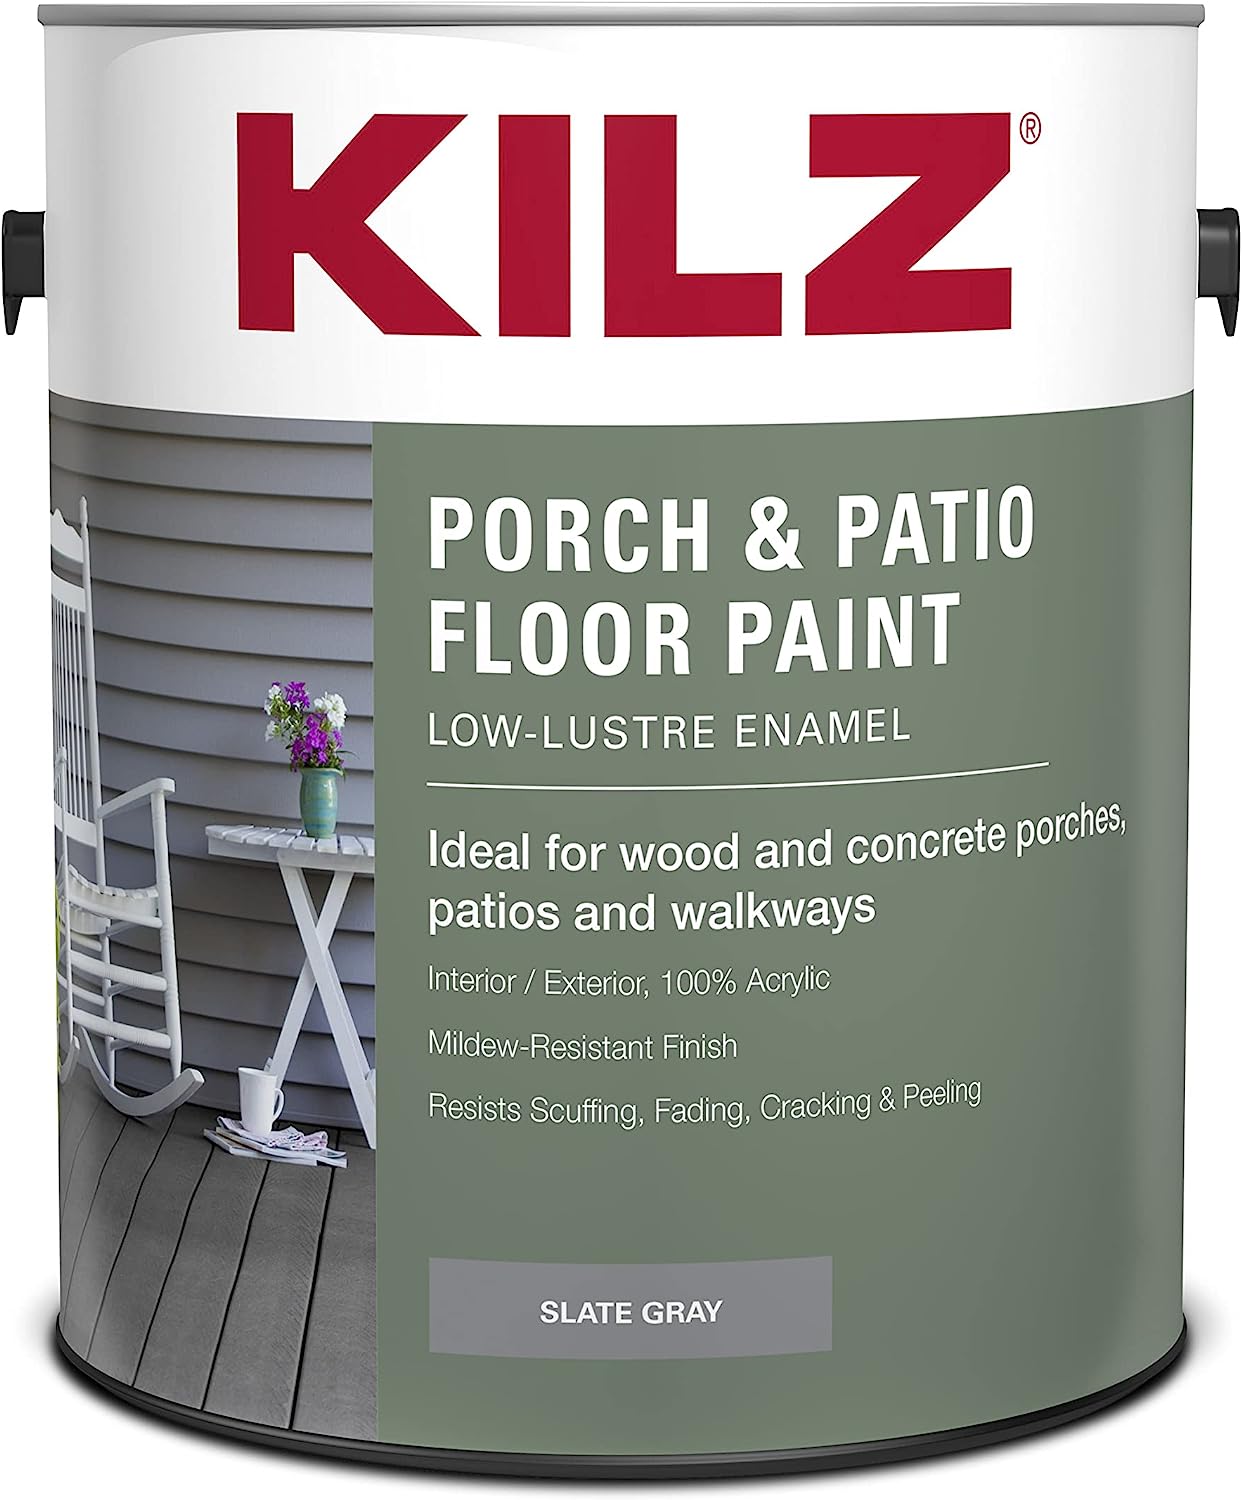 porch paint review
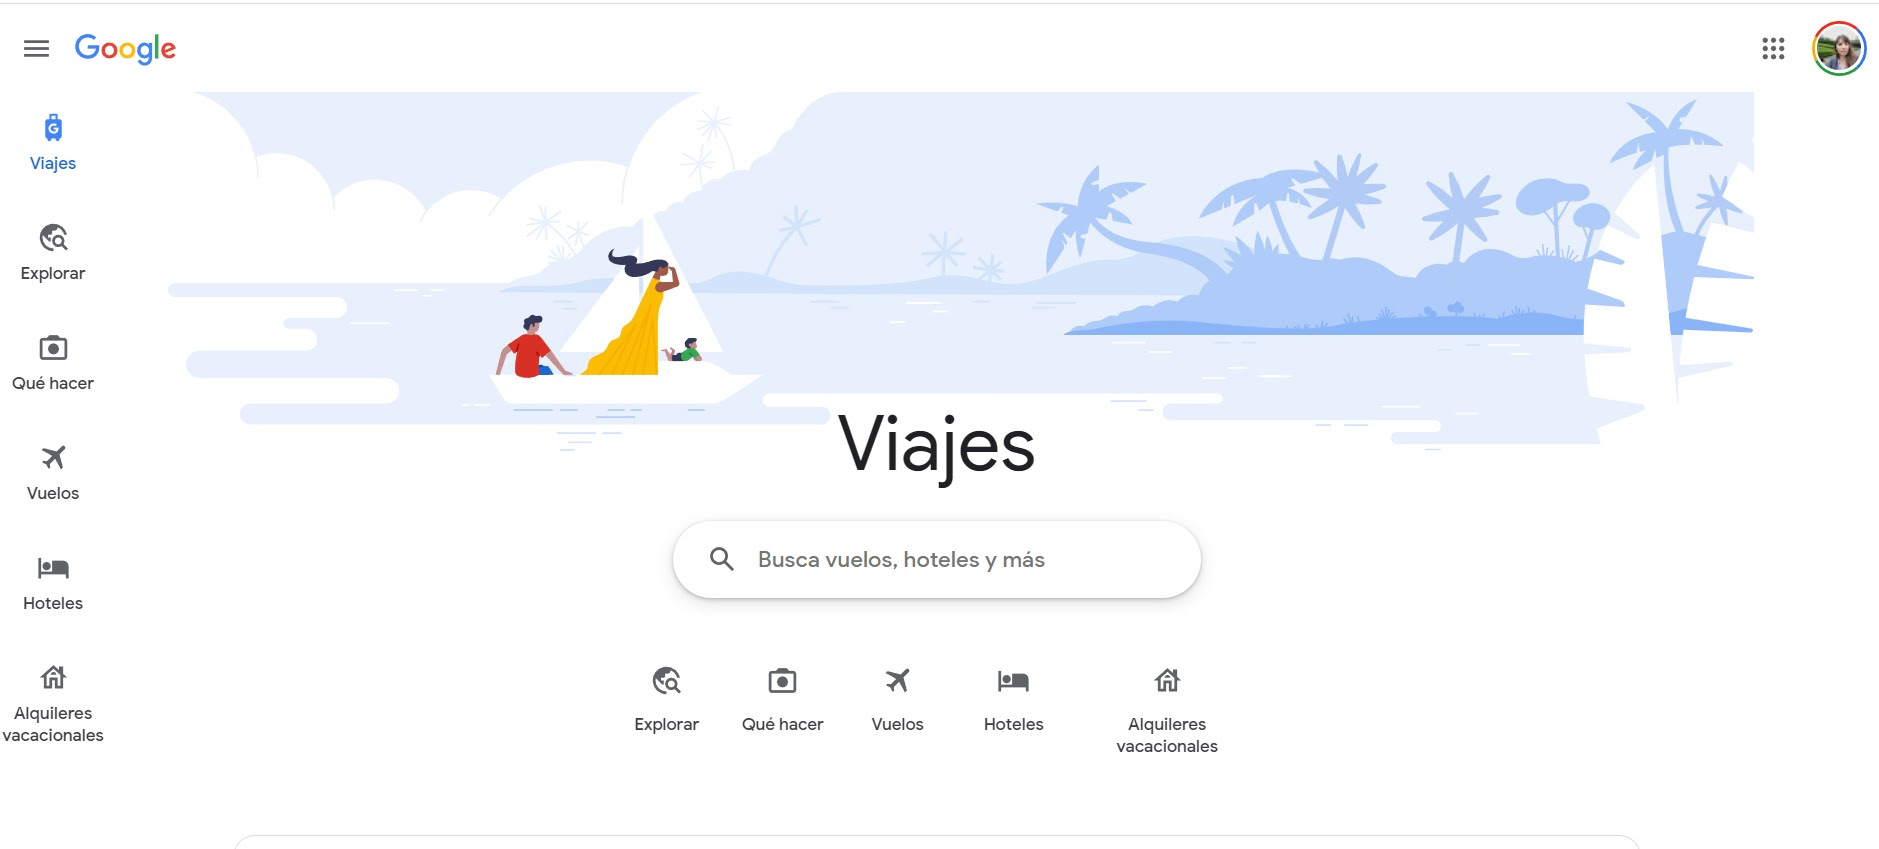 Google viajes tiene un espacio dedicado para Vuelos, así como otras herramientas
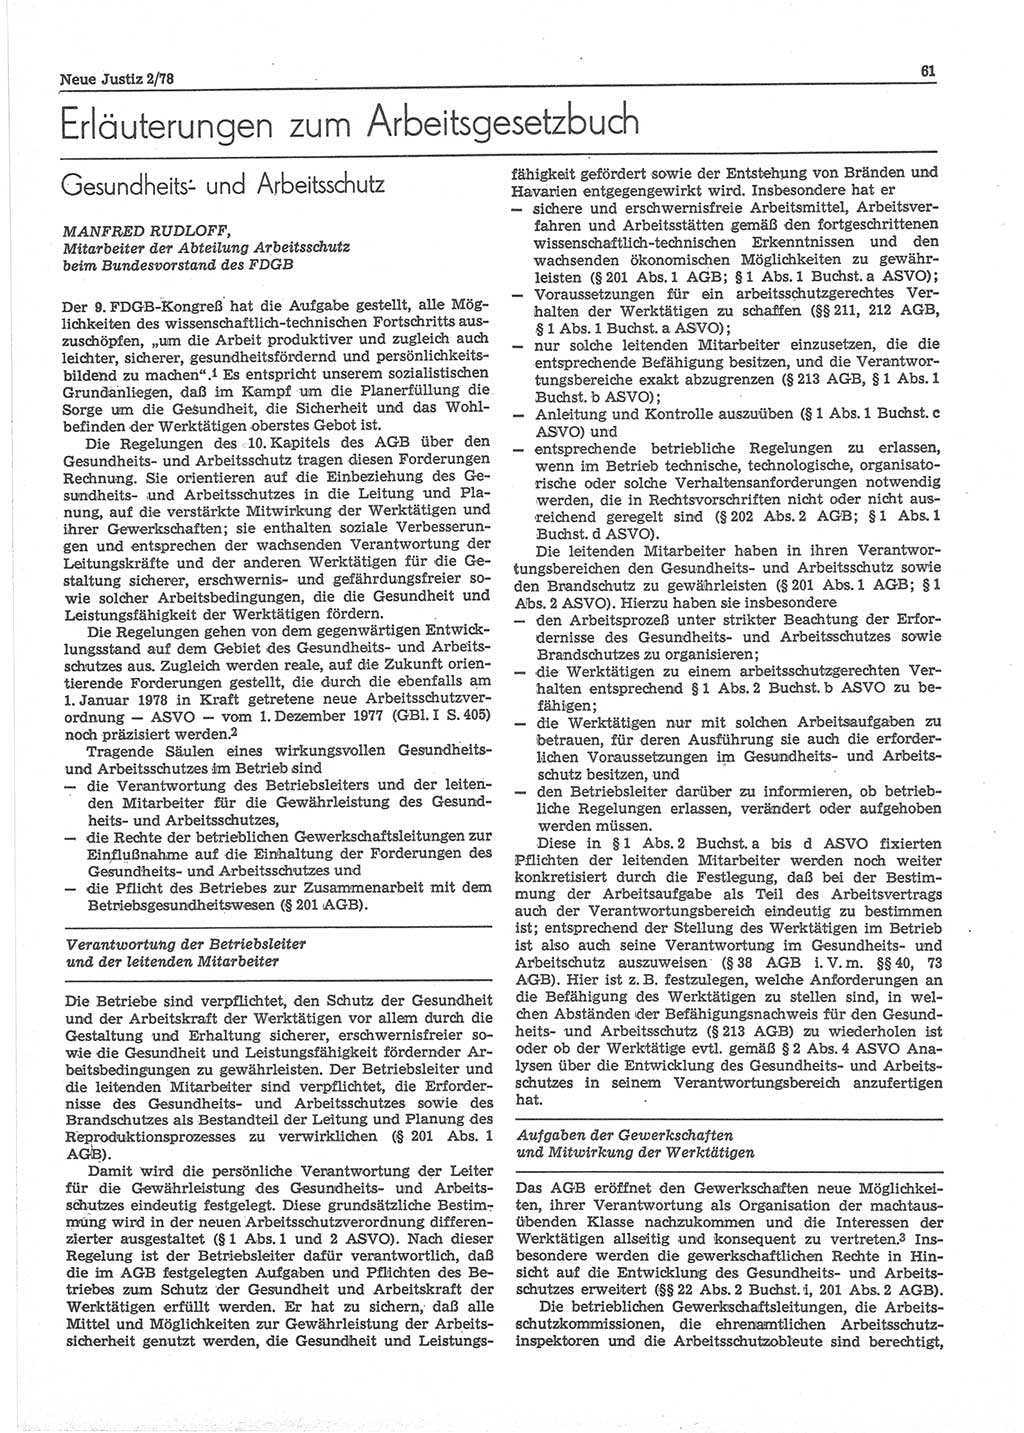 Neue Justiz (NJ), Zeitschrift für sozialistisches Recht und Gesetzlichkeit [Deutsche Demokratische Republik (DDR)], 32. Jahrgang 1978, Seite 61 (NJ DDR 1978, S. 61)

################

● WORK TO BE COMPLETED: Transcribe, without alteration, each line from the one with "Google viajes tiene" through the last line of the data; no pictures belong in the copy.

● YOUR SOLUTION:
 Google viajes tiene un espacio dedicado para Vuelos, así como otras herramientas
 Neue Justiz (NJ), Zeitschrift für sozialistisches Recht und Gesetzlichkeit [Deutsche Demokratische Republik (DDR)], 32. Jahrgang 1978, Seite 61 (NJ DDR 1978, S. 61)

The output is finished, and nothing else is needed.